We agree that UCB is an important algorithm and it is often used in practice. However, it has been shown not to converge to a Nash equilibrium of a simple (one-state) game [17], as we note in the second paragraph of Section 3. In fact, it can converge to a strategy with large regret, which occurs in practice even in small subgames of Goofspiel [20]. It is for this reason that we chose not to include it in the empirical analysis. However, we agree that it should be discussed and will add more explicit discussion of this point to the paper.

Propagation of values also performs very well in experiments. However, in the proof of Theorem 4.11, if we propagate the current value, the nodes above the leaves will not become a matrix game with epsilon bounded error and the proof is not applicable. A deeper analysis is required and we hope to generalize this in future work.

Response to Reviewer 2:

We agree that subgame perfect equilibria are important in this setting. However, we disagree with the main objection of the reviewer that the biggest weakness in this type of approach is that not very interesting things can be proved about the inner nodes of the game tree. In fact, we can take an intuitive definition of the epsilon-subgame-perfect equilibrium, which would say that playing the computed strategy from any inner node of the game ensures payoff no worse than epsilon far from the actual value of the subgame rooted in the node. With this definition of subgame perfection, our proof shows that the algorithm converges to an epsilon-subgame-perfect equilibrium. The proof is by induction from leaves to the root. In order to prove that the strategy executed from the root is an approximate equilibrium, it proves that executing the strategy from the inner nodes forms an even tighter approximate equilibrium. Furthermore, as reported also by [Harris 90, page 2], there are no issues with existence of the subgame perfect equilibrium as we deal only with finite games. We did not include this discussion as we could not find a definition of epsilon-subgame-perfect equilibrium for this class of games in literature. After this discussion, we admit it was a mistake and that discussion about subgame perfect equilibria and references to relevant literature for this class of games is important. Therefore, we will add it to the final version if accepted for publication.

Response to Reviewer 3:

The question of a finite time regret bound is indeed very interesting and we are currently working on it.

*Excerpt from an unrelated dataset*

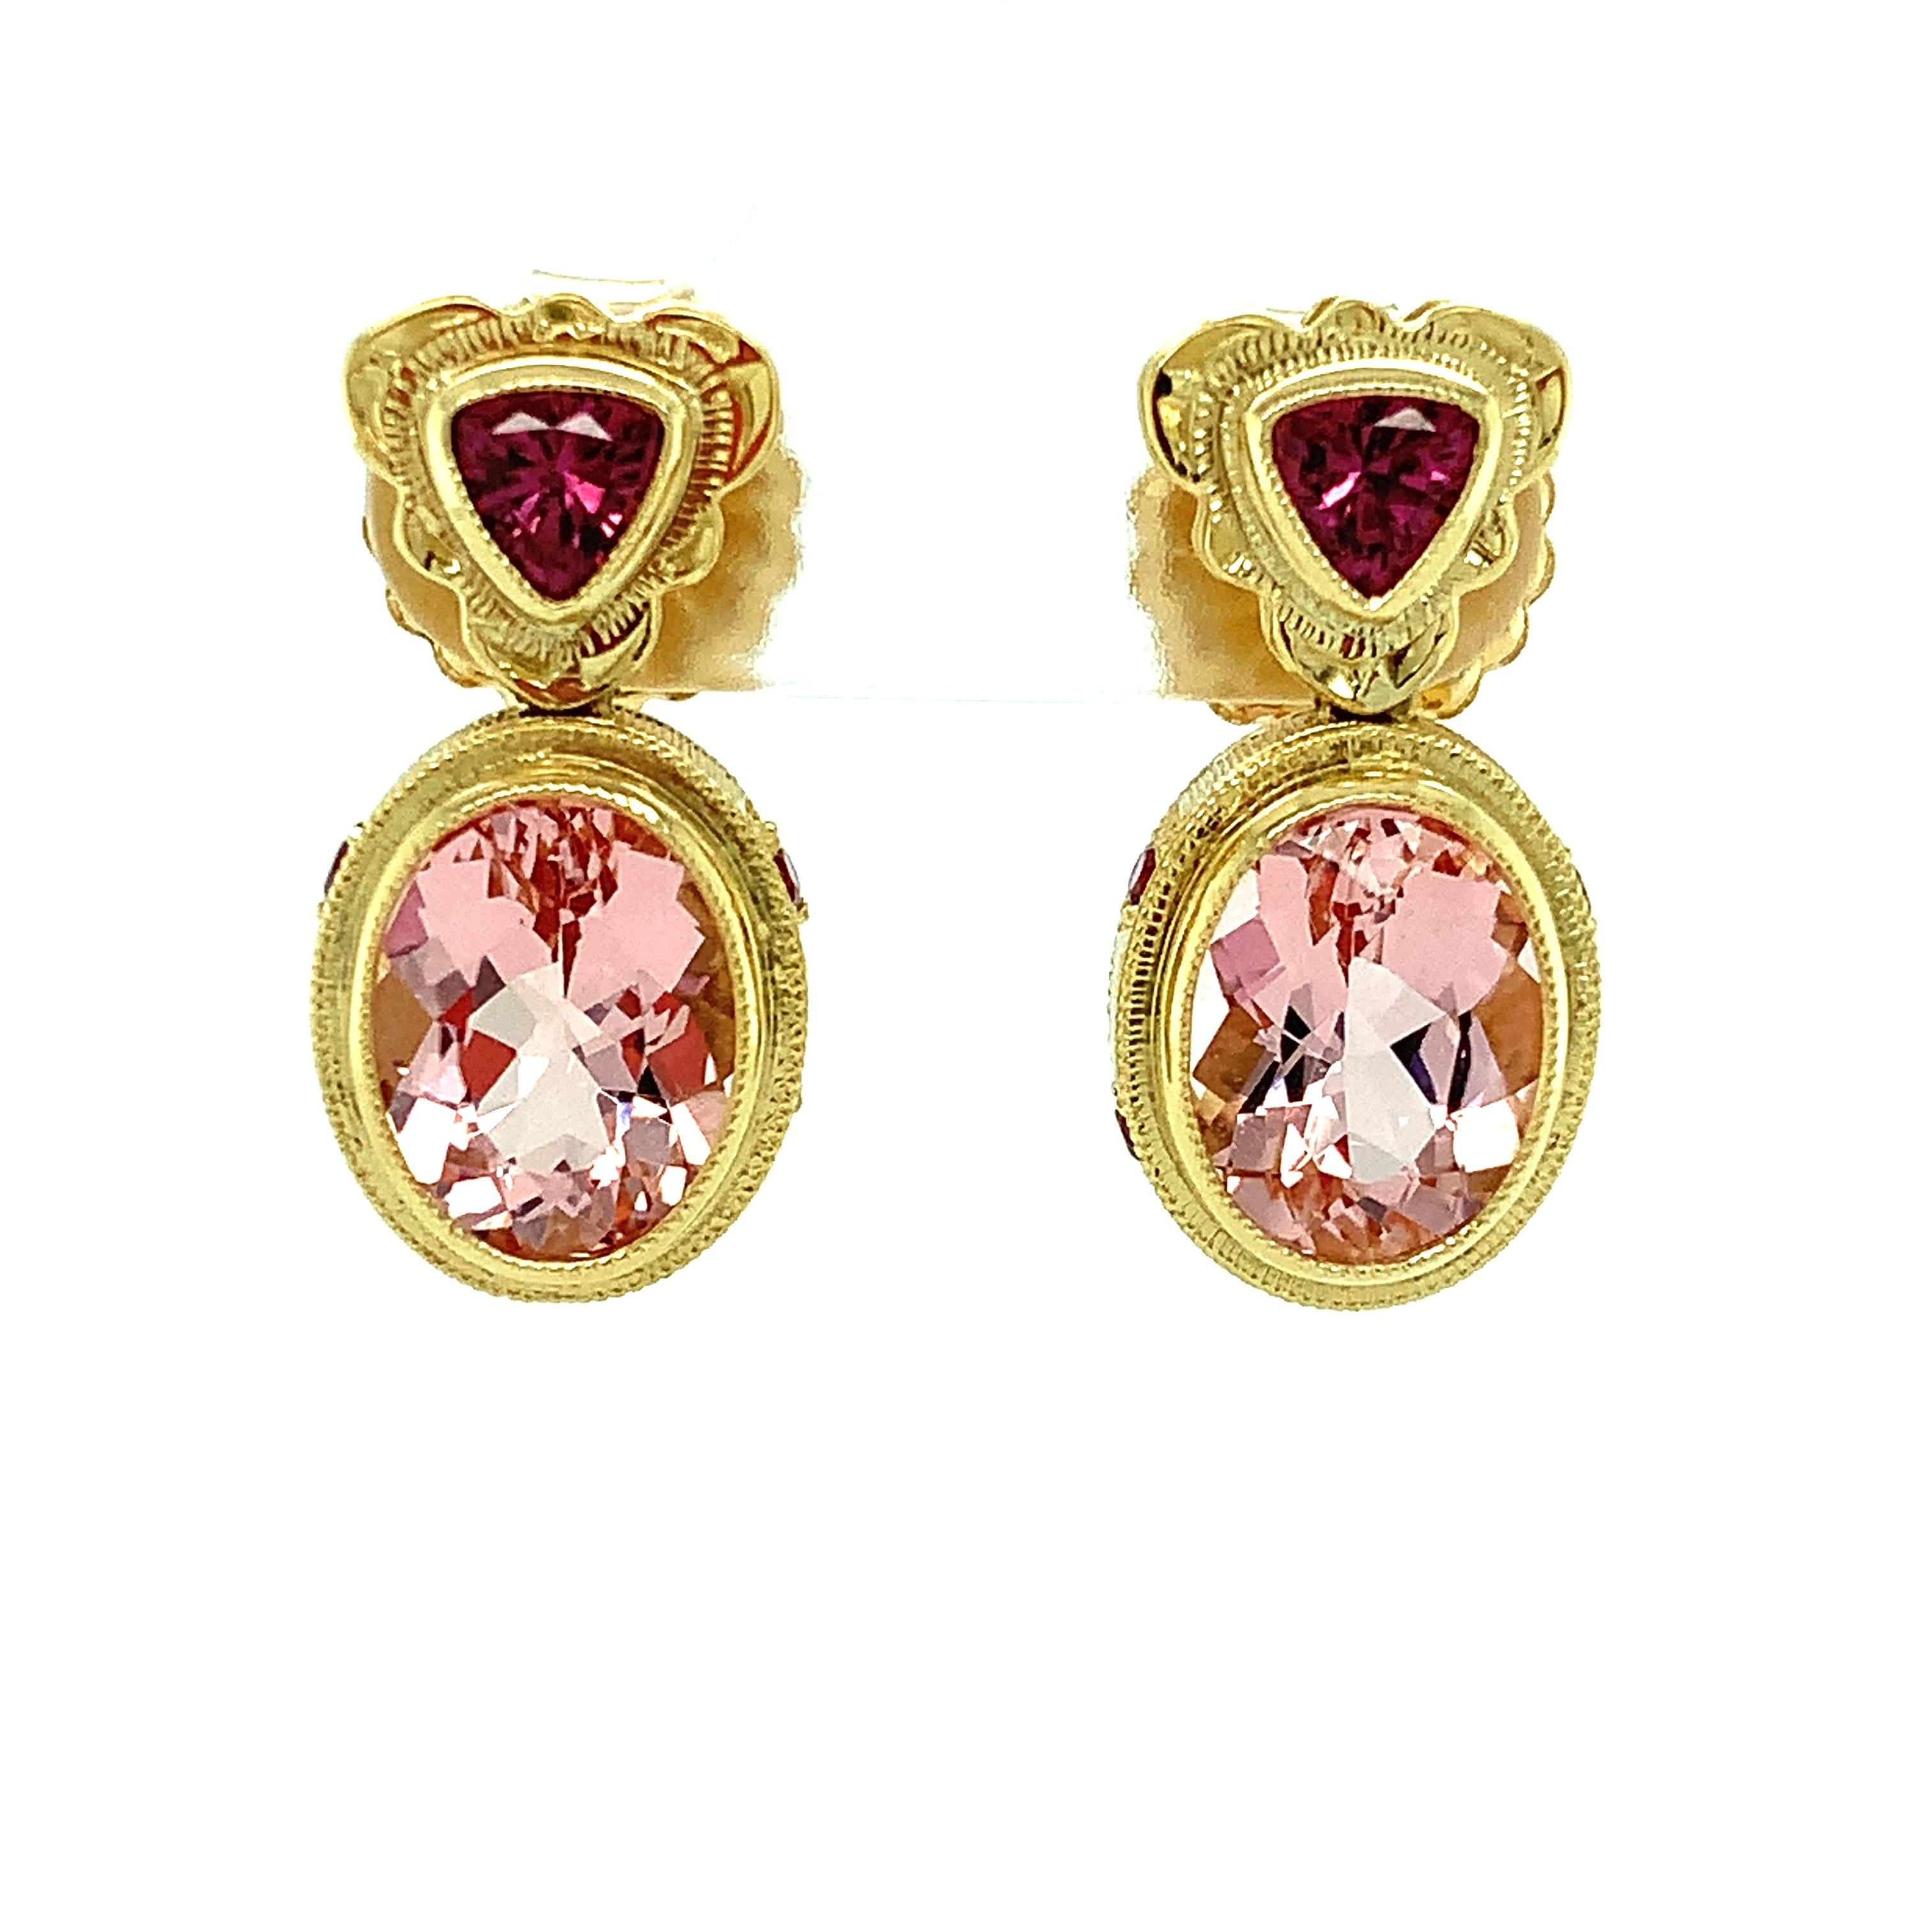 These exquisite dangling earrings feature stunning pink morganites set in handmade 18k yellow gold bezels accented with rose-colored rhodolite garnets. Morganite belongs to the same mineral family as aquamarine and emerald, and refers to the pink
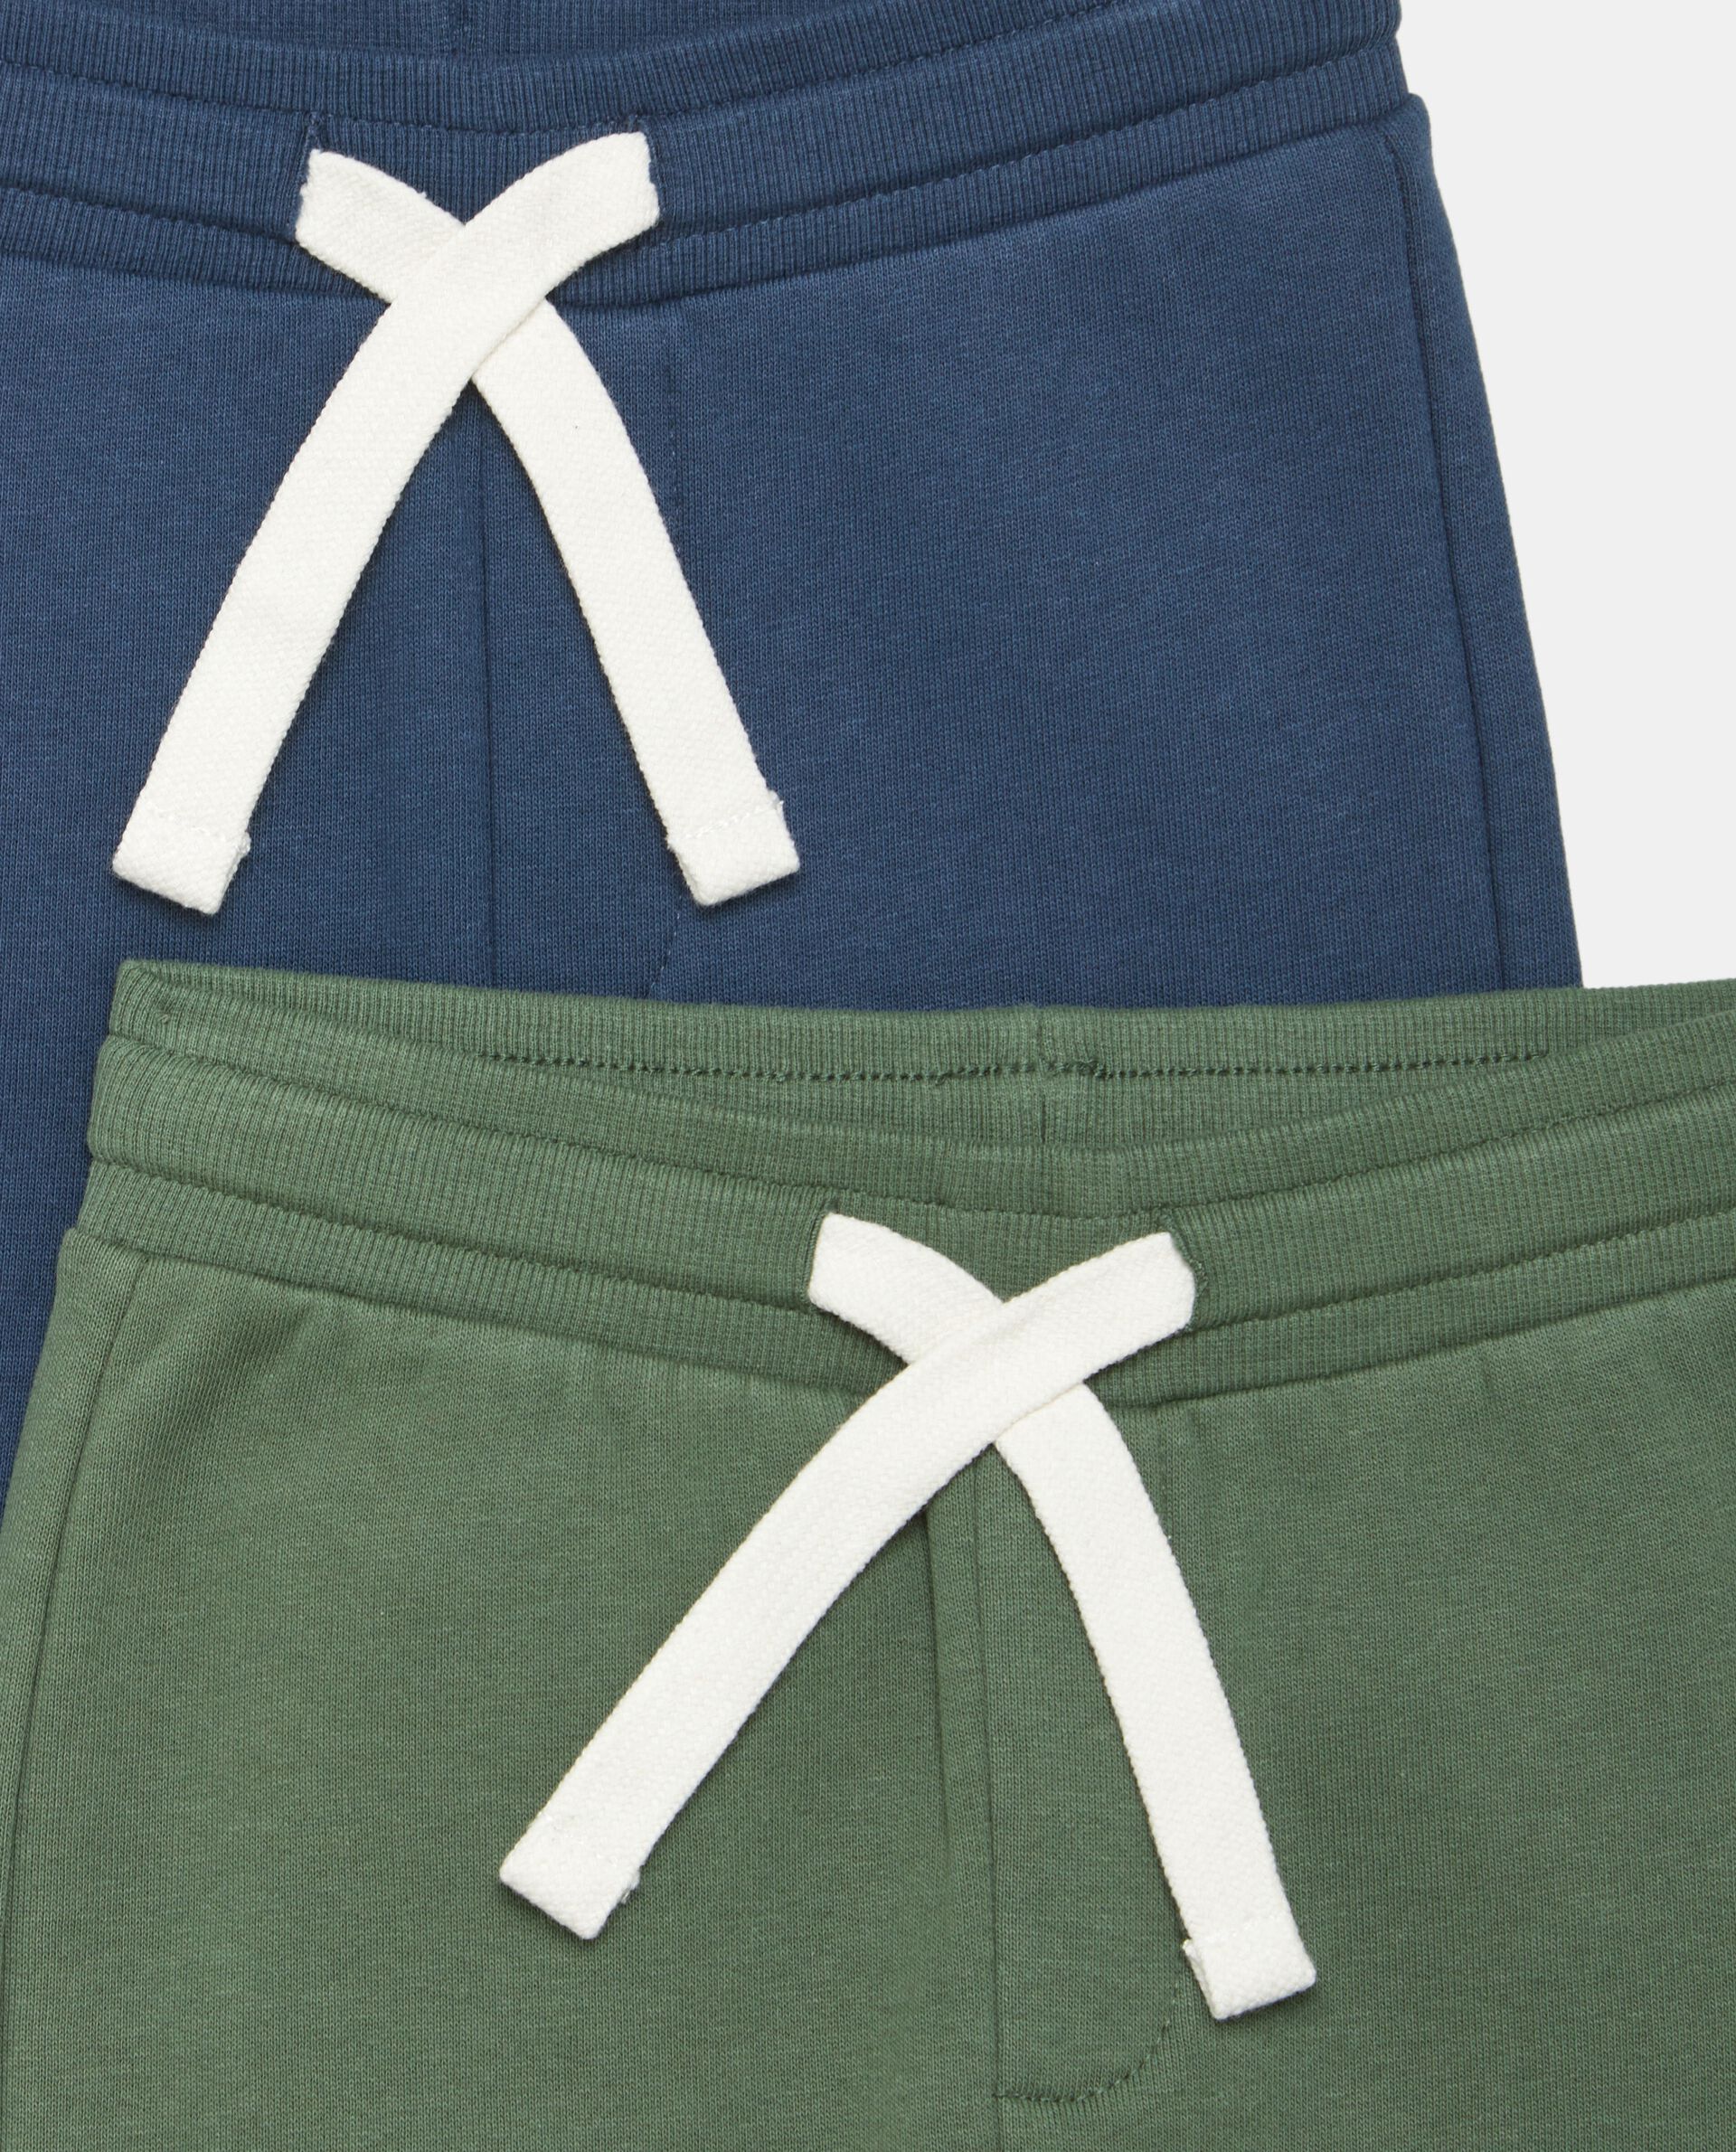 3-7YEARS BOYS' TROUSERS

However, unless we count in the a positive influence of the random samples executed in MCTS before the tree is completely constructed, at the moment we do not expect to have bounds that would support using this approach rather than full backward induction (in theory). Taking the random samples into account has not been done even in the sequential moves setting and it most likely requires a completely different proof technique. In this paper we focus rather on a clear and intuitive proof, but we are actively investigating a finite time bound for future work.